Dataset records
+ + + +

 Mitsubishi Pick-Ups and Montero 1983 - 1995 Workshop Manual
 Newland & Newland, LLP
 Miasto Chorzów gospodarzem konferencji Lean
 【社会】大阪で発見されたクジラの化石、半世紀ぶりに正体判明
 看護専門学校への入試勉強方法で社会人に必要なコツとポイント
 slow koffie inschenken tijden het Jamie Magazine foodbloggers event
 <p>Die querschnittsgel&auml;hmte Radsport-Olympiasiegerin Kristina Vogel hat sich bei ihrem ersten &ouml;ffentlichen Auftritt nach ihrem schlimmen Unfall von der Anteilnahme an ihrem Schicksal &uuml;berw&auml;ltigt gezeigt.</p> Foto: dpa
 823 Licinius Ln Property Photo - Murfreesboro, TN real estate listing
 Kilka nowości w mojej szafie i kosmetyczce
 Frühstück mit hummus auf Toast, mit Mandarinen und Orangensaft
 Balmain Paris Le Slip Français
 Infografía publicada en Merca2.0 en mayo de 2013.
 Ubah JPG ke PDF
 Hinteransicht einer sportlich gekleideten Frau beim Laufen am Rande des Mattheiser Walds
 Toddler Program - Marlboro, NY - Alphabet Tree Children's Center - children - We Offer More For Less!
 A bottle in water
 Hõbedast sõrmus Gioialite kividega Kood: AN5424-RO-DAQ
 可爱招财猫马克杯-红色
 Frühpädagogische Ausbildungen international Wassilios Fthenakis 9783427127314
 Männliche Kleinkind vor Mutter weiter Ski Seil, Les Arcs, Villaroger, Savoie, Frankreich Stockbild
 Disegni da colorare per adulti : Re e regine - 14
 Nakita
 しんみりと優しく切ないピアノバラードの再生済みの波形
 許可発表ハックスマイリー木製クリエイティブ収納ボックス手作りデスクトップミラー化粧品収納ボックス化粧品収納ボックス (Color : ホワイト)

+ + + +

Task prompt:
Using the entries above, output exactly the lines between the line holding "Toddler Program - Marlboro, NY" and the line holding "Frühpädagogische Ausbildungen international", end lines included, and nothing more.

Finished exercise:
 Toddler Program - Marlboro, NY - Alphabet Tree Children's Center - children - We Offer More For Less!
 A bottle in water
 Hõbedast sõrmus Gioialite kividega Kood: AN5424-RO-DAQ
 可爱招财猫马克杯-红色
 Frühpädagogische Ausbildungen international Wassilios Fthenakis 9783427127314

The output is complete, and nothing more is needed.